Therapeutic effect of human adipose stem cells derived exosomes on carbon tetrachloride induced liver fibrosis in rats

doi:10.3969/j.issn.2095-4344.2048

Abstract

Abstract:

BACKGROUND: Liver fibrosis has higher morbidity and mortality. Activation and proliferation of hepatic stellate cells is a key link in the progression of liver fibrosis. At present, there are still no effective anti-fibrosis agents targeting single links or targets.

OBJECTIVE: To analyze the effect of human adipose stem cells derived exosomes on rats with liver fibrosis induced by carbon tetrachloride.

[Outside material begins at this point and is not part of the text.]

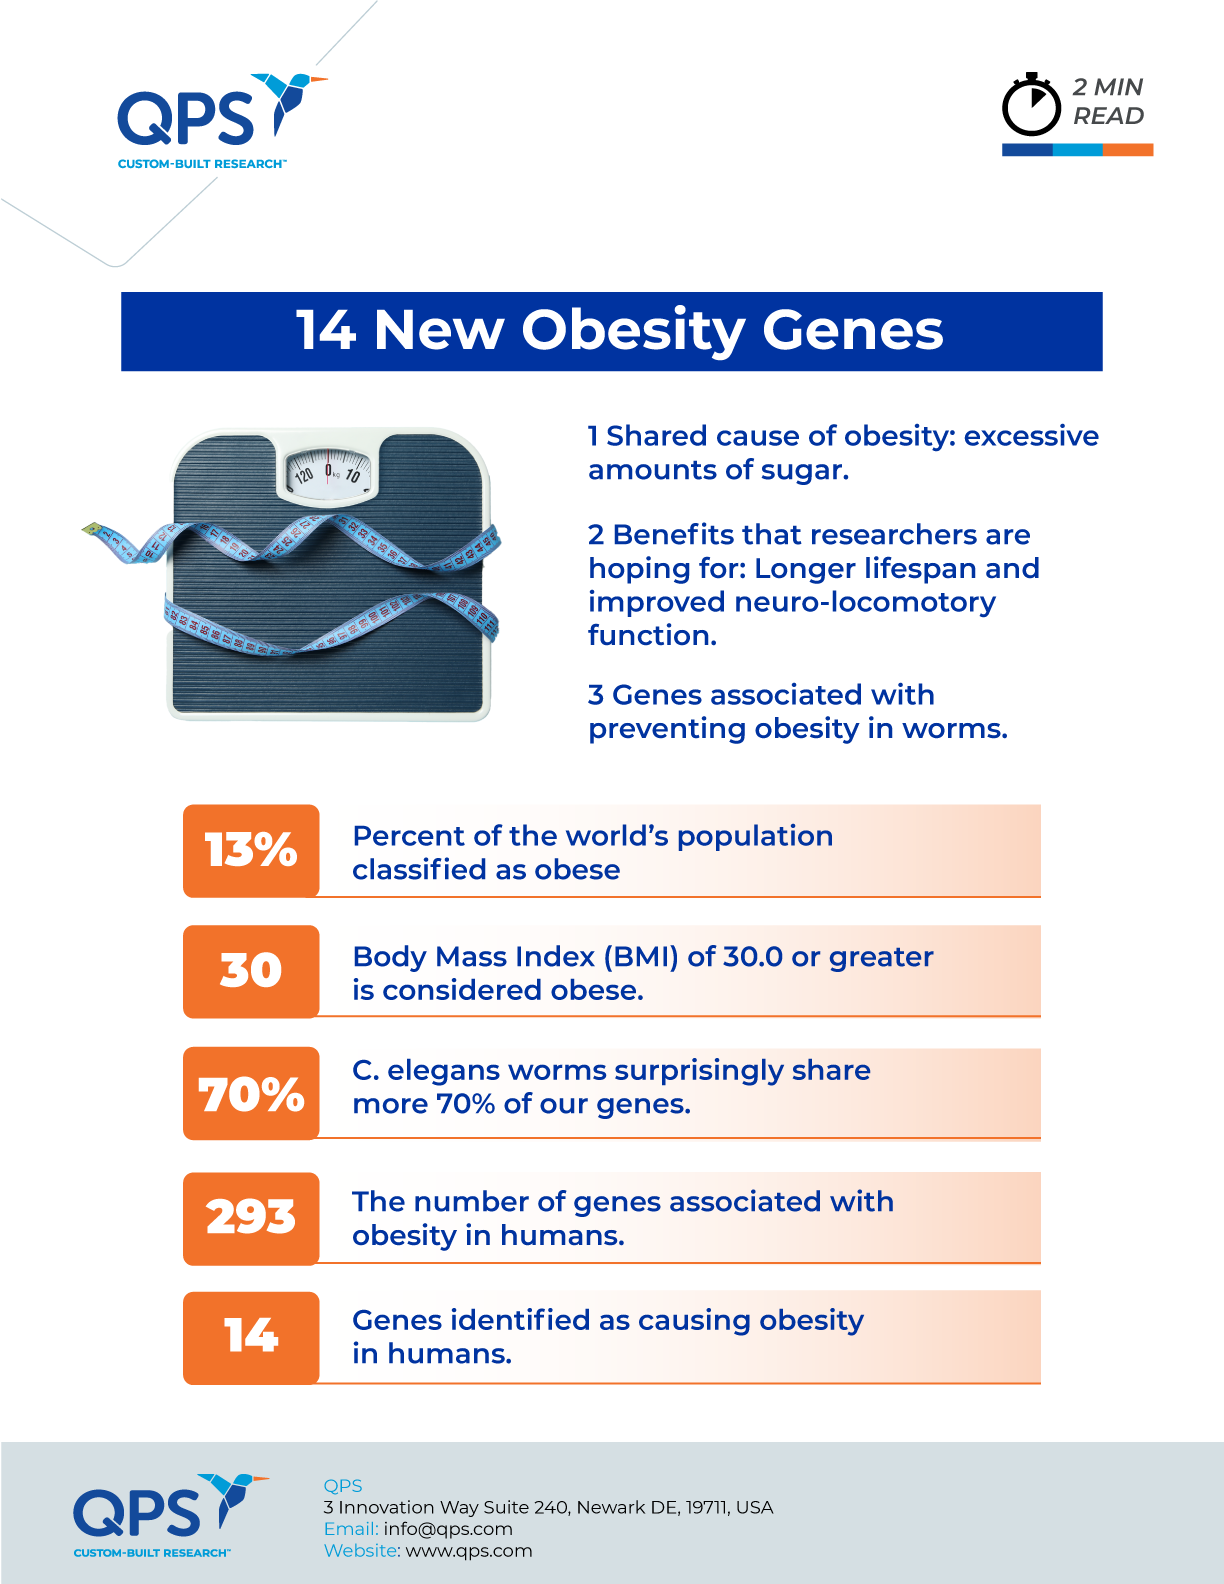 14 New Obesity Genes Discovered

METHODS: Human adipose stem cells were obtained from healthy people by enzyme dissolution method. After in vitro culture, human adipose stem cells derived exosomes were obtained by multiple ultrafiltration. Different concentrations of exosomes were used to treat the hepatic stellate cells activated by transforming growth factor β1. The human adipose stem cells activated by transforming growth factor β1 were treated with different concentrations of exosomes. The expression of α-smooth actin in the cells was detected by quantitative PCR, and the growth and apoptosis of activated hepatic stellate cells were detected by CCK-8 and flow cytometry respectively. Rat models of liver fibrosis were established by intraperitoneal injection of carbon tetrachloride and treated by tail vein injection of exosomes. Rat liver function, serum levels of type III procollagen and type IV collagen, and Ishak score were determined. Semi-quantitative analysis of liver fibrosis was performed. The expression levels of tissue inhibitor of matrix metalloproteinase-1, matrix metalloproteinase 9 and α-smooth actin in liver tissue were measured by immunofluorescence method. The study protocol was approved by the Animal Ethics Committee and Medical Ethics Committee, Tongji University, China in January, 2017.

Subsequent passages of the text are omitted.